Figure 3a displays the CV curves of CHF and NTP-CHF in various concentrations of NaCl. In this analysis, CHF presents the typical capacitive behaviour of a non-Faradaic reaction-based electric double layer capacitor (EDLC). However, NTP-CHF showed not only a non-Faradaic reaction but also a reduction peak at −0.9 V and an oxidation peak at −0.7 V in 1.0 M NaCl solution. The reduction and oxidation peaks indicate that NTP-CHF is successfully adsorbing and desorbing Na⁺ ions by a Faradaic reaction of NTP nanoparticles in addition to non-Faradaic reaction of MWCNTs²⁸, while CHF adsorbs Na⁺ by only a non-Faradaic reaction. At 8.6 mM NaCl solution, the reduction peak was shifted to −1.2 V due to the decrease in ionic conductivity of the feed solution. The calculated specific capacity at the standard condition (i.e., 1 M NaCl) exhibited that NTP-CHF was significantly higher (16.4 C g⁻¹) than that of CHF (6.3 C g⁻¹) as shown in Table 2. At various NaCl concentrations, NTP-CHF always showed about two times higher specific capacity than CHF, and as discussed above, it is mainly originated from NTP nanoparticles in NTP-CHF. During the increase of scanning rate of cyclic voltammetry from 5 mV s⁻¹ to 100 mV s⁻¹ with NTP-CHF (Fig. 3b), overpotential for Na⁺ absorption-desorption reaction gradually magnified and specific capacity decreased from 16.4 C g⁻¹ to 4.3 C g⁻¹ (Supplementarty Table 2) due to the slower kinetics of Faradaic reaction of NTP nanoparticles than non-Faradaic reaction by CHF.

Fig. 3: Electrochemical properties of CHF and NTP-CHF.

Cyclic voltammetry curves (a) in 1 M and 8.6 mM NaCl solutions at 5 mV s⁻¹, (b) under various scanning rates, and c in the presence and absence of Ca²⁺, (d) Nyquist plots of CHF and NTP-CHF. Note that NTP-CHF was used as electrodes in (b) and (c), and all tests were performed in 1 M NaCl solution otherwise noted.

Table 2 Electrochemical properties of CHF and NTP-CHF in NaCl solutions.

The Na-selective adsorption of NTP-CHF in the mixture of Na⁺ and Ca²⁺ was evaluated by cyclic voltammetry (Fig. 3c).
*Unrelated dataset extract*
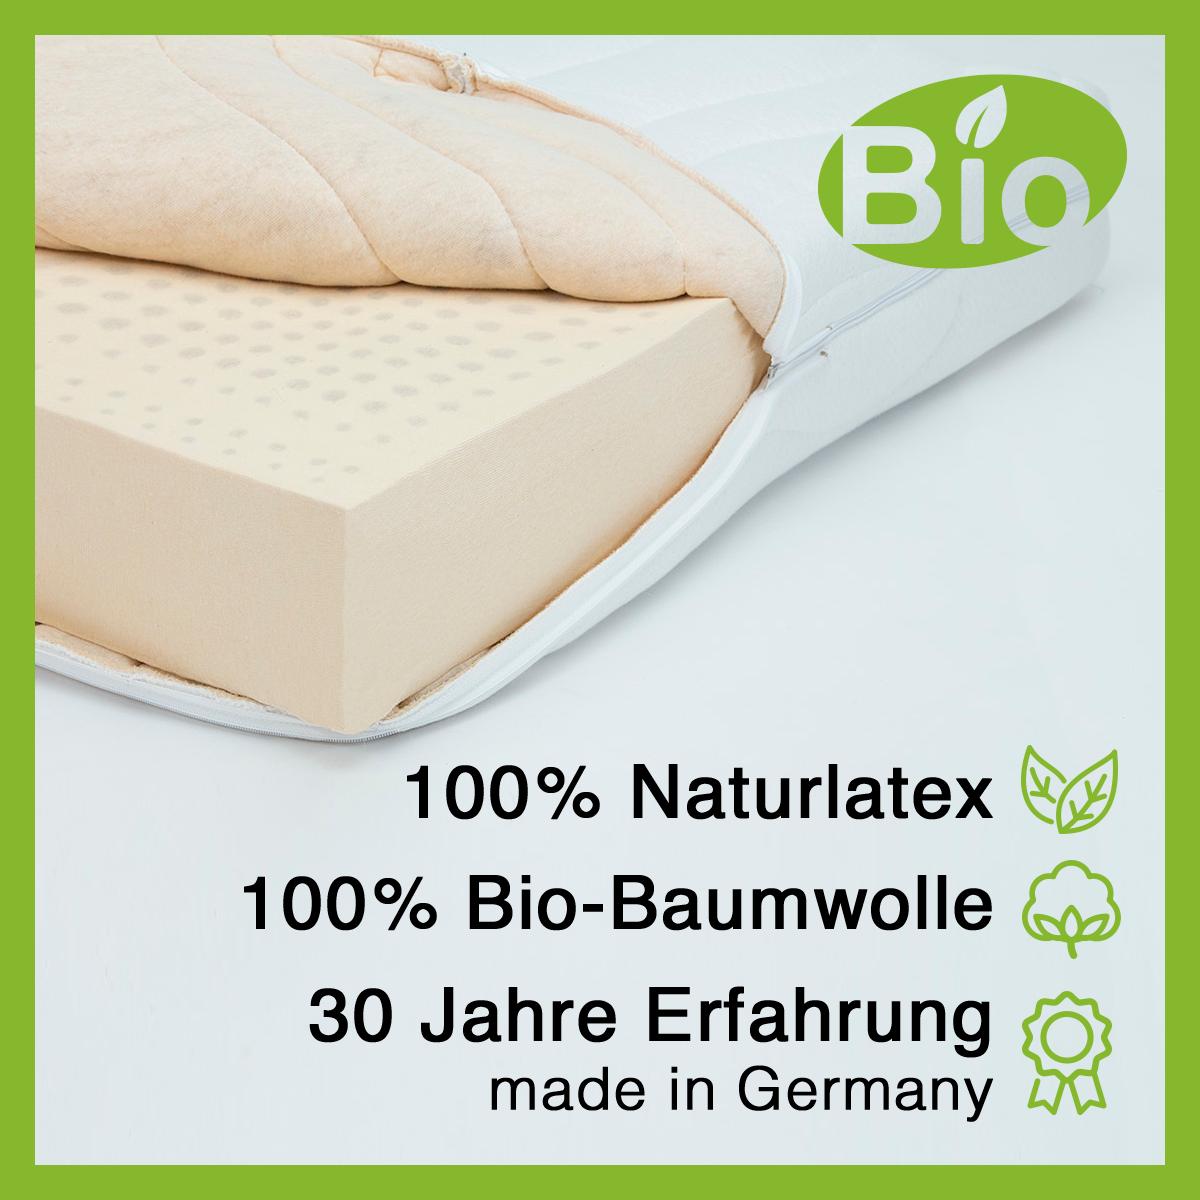 17 cm Naturmatratze,Bezug Bio-Baumwolle, 100% Naturlatex, direkt vom Hersteller

In 1 M CaCl₂ solution, NTP-CHF did not show Faradaic reaction because NTP did not absorb Ca²⁺ from electrolyte. In case of 1 M NaCl or the mixture with CaCl₂ (NaCl: CaCl₂ = 100: 5), NTP-CHF successfully absorb and desorb Na⁺ ions from electrolyte with increased difference between anodic peak potential and cathodic peak potential from 172 mV to 335 mV. It is mainly caused by the selective adsorption of Na⁺ by NTP nanoparticles incorporated in NTP-CHF.

The electrochemical impedance spectroscopy (EIS) analysis showed that both hollow-fiber electrodes have one semi-circle at high frequency and linear region at low frequency in the Nyquist plot (Fig. 3d). Both electrodes showed similar semi-circle region with the electrode resistance of 10.7 Ω and 24.8 Ω for CHF and NTP-CHF, respectively. In the low frequency (or higher impedance) region, NTP-CHF showed lower slope than that of CHF, which implied that NTP-CHF had Faradaic capacitive regime, while CHF had a diffusion controlled adsorption regime^34,35.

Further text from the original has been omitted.